*Task statement*
With the pictures left out, restate exactly the part below that opens with the line containing "Villeroy & Boch" and closes with the line containing "Cooking Process Shots".

*Recorded data*
▼▼▼
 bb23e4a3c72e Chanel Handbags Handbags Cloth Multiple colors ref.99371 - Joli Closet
▲▲▲
▼▼▼
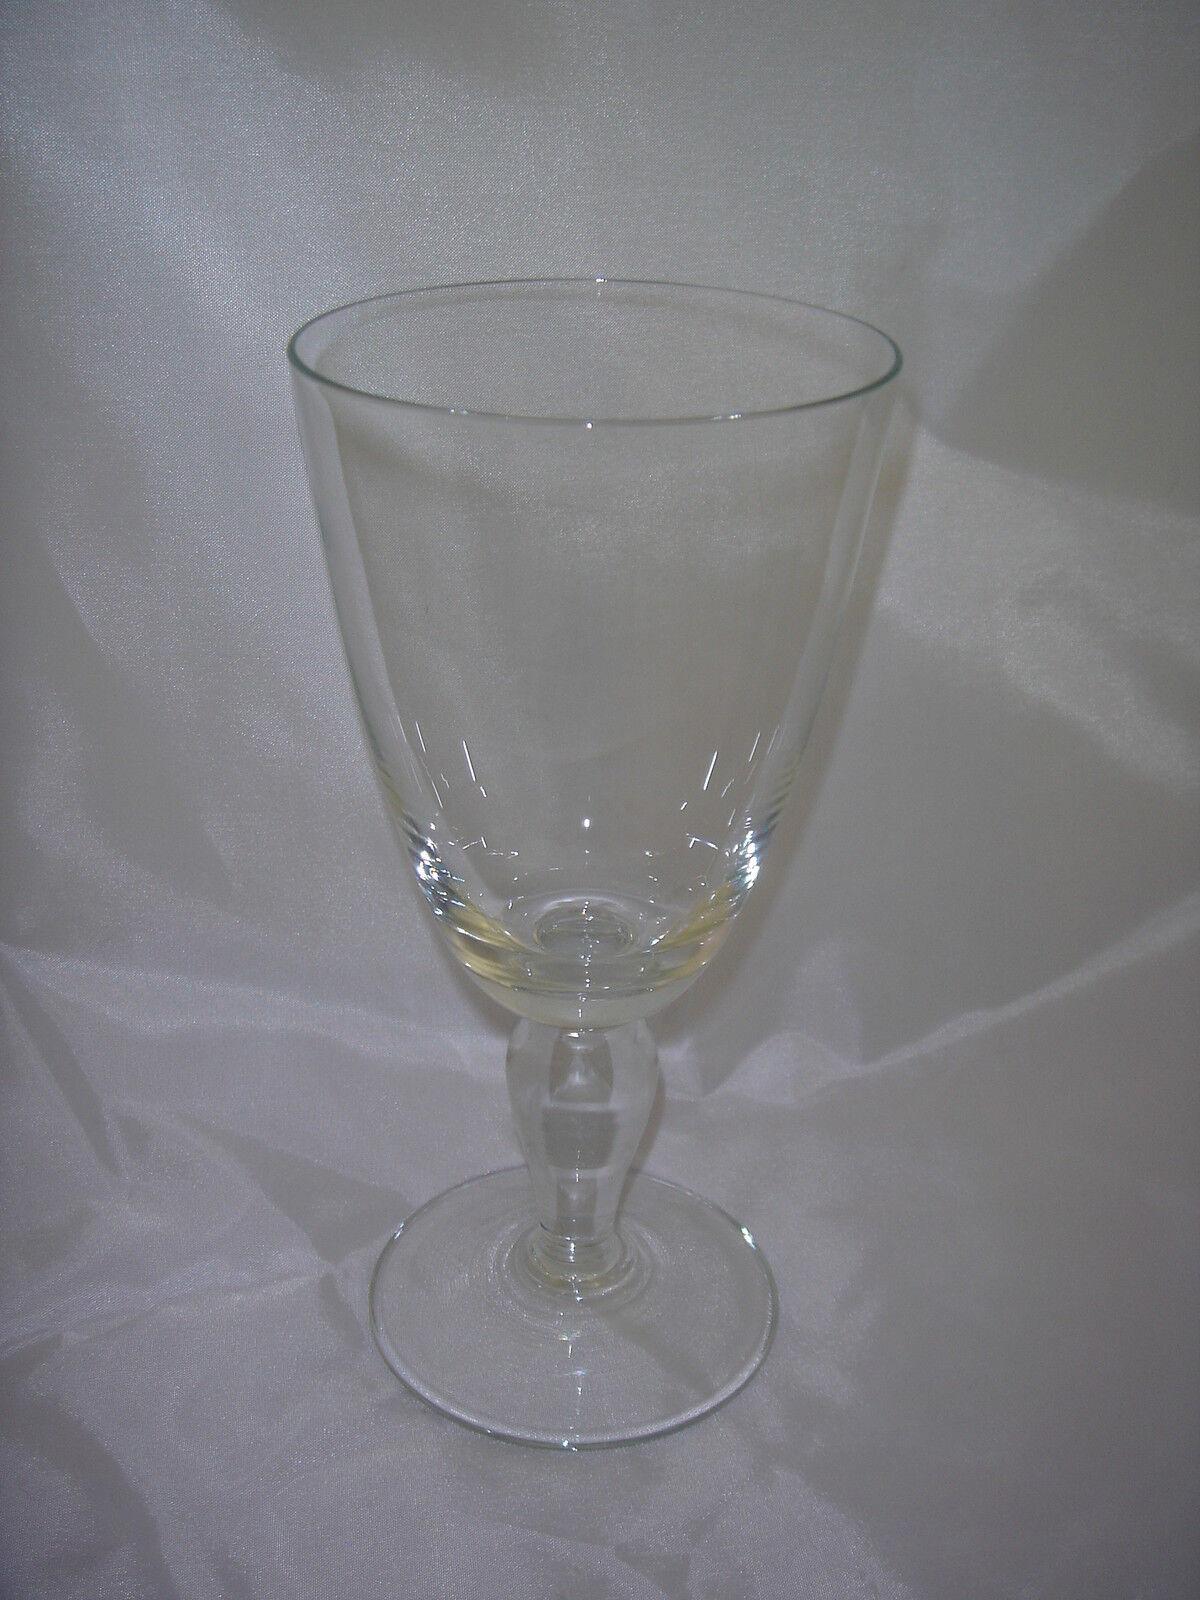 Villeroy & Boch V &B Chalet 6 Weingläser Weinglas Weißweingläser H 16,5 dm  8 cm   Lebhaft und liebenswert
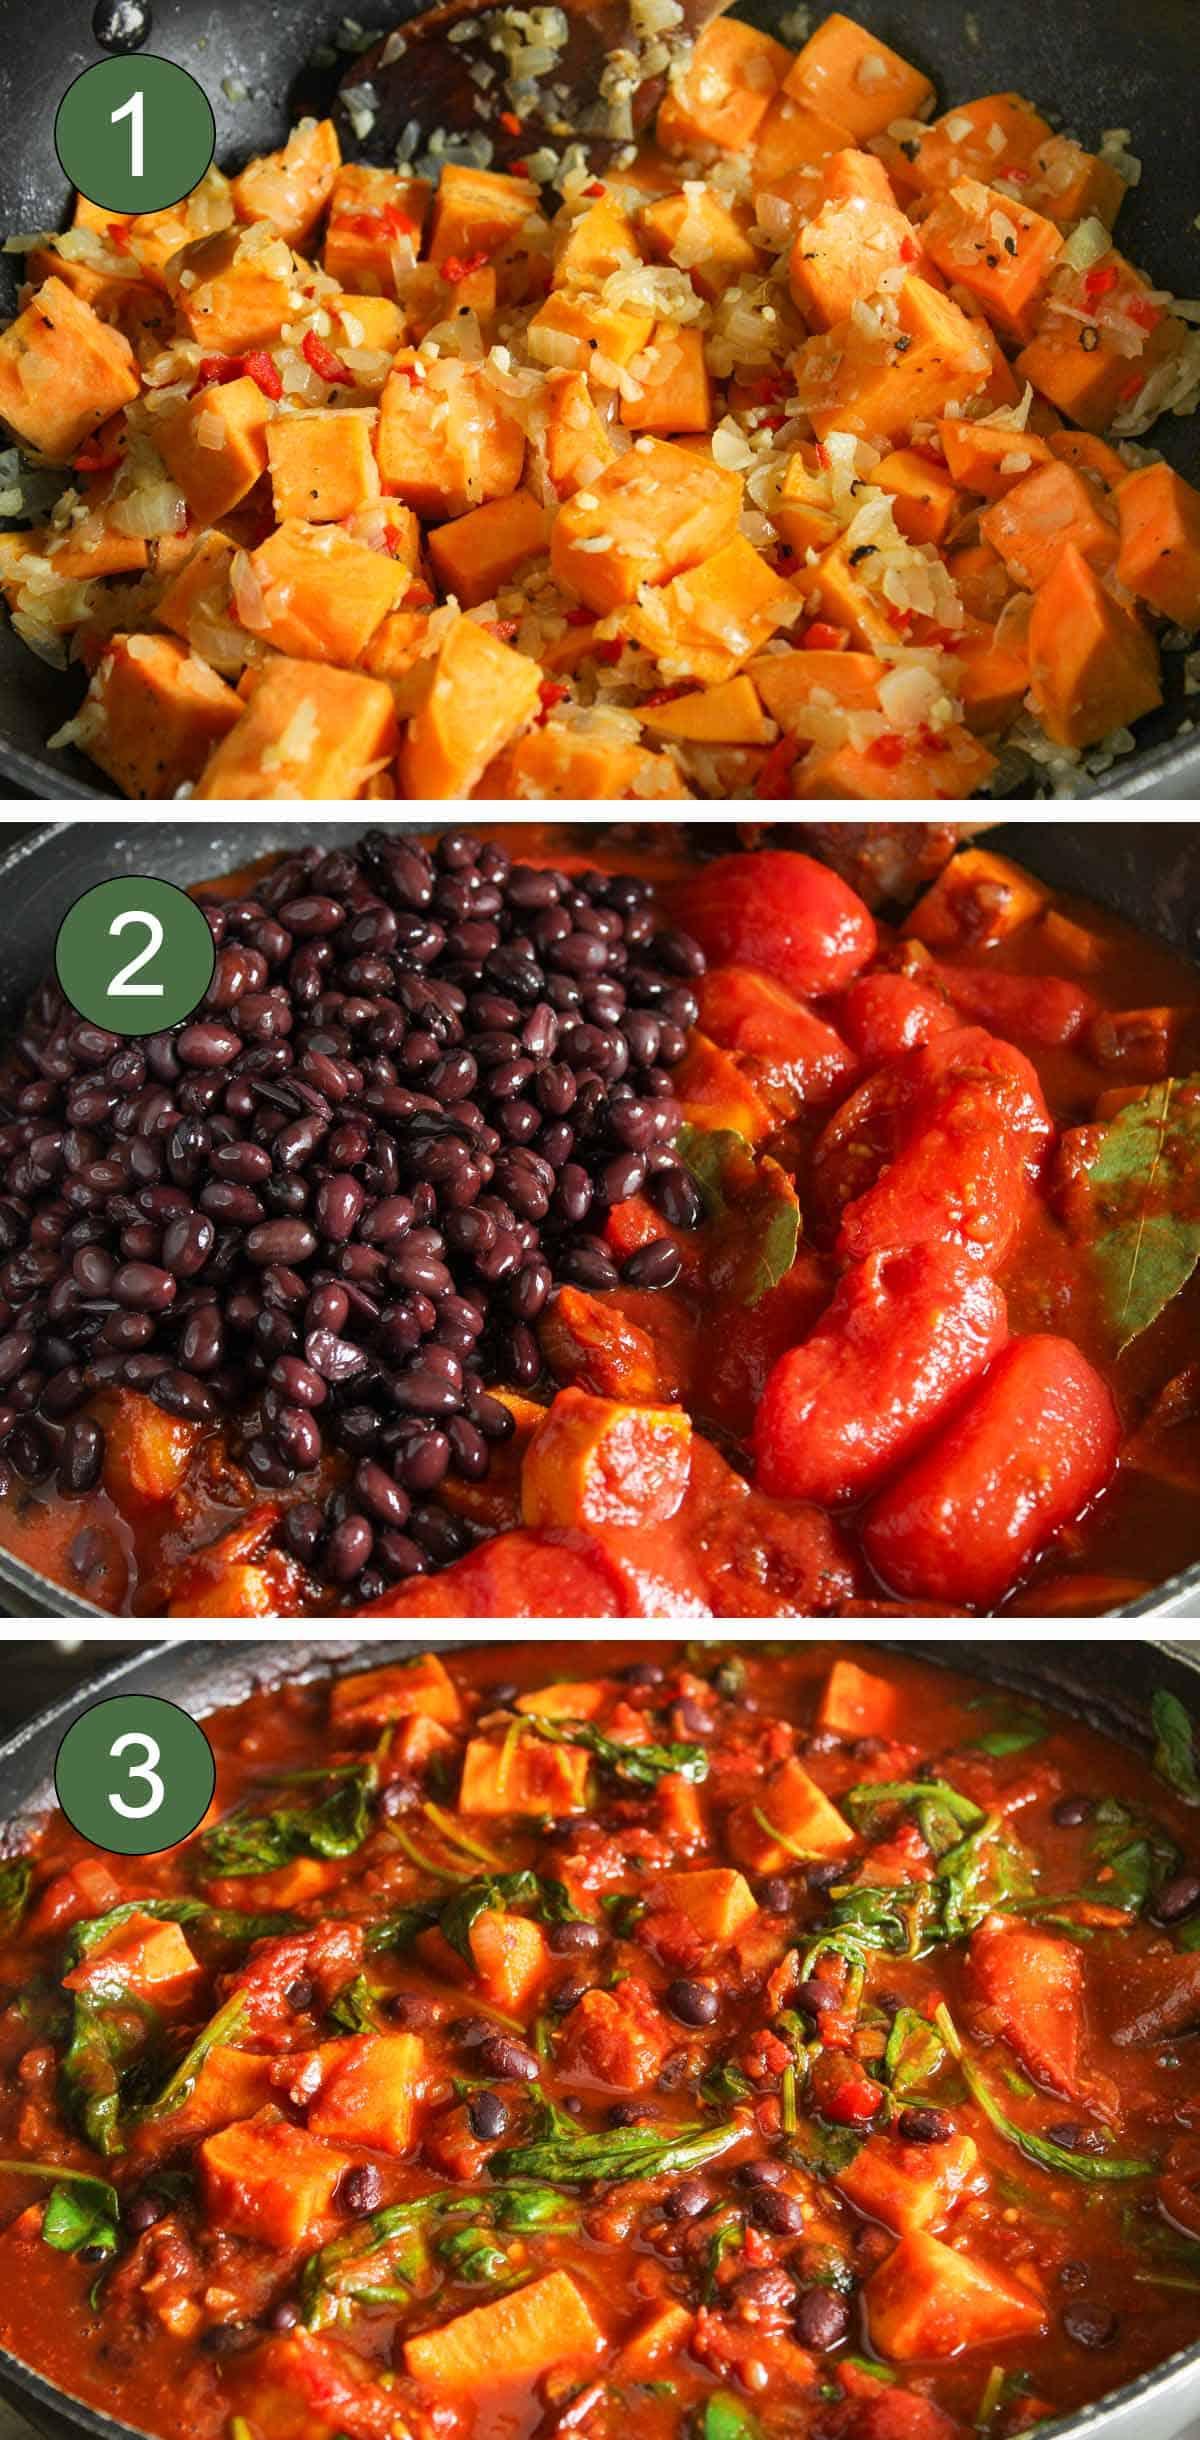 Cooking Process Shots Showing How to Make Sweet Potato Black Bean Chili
▲▲▲
*Answer*
 Villeroy & Boch V &B Chalet 6 Weingläser Weinglas Weißweingläser H 16,5 dm  8 cm   Lebhaft und liebenswert
 Cooking Process Shots Showing How to Make Sweet Potato Black Bean Chili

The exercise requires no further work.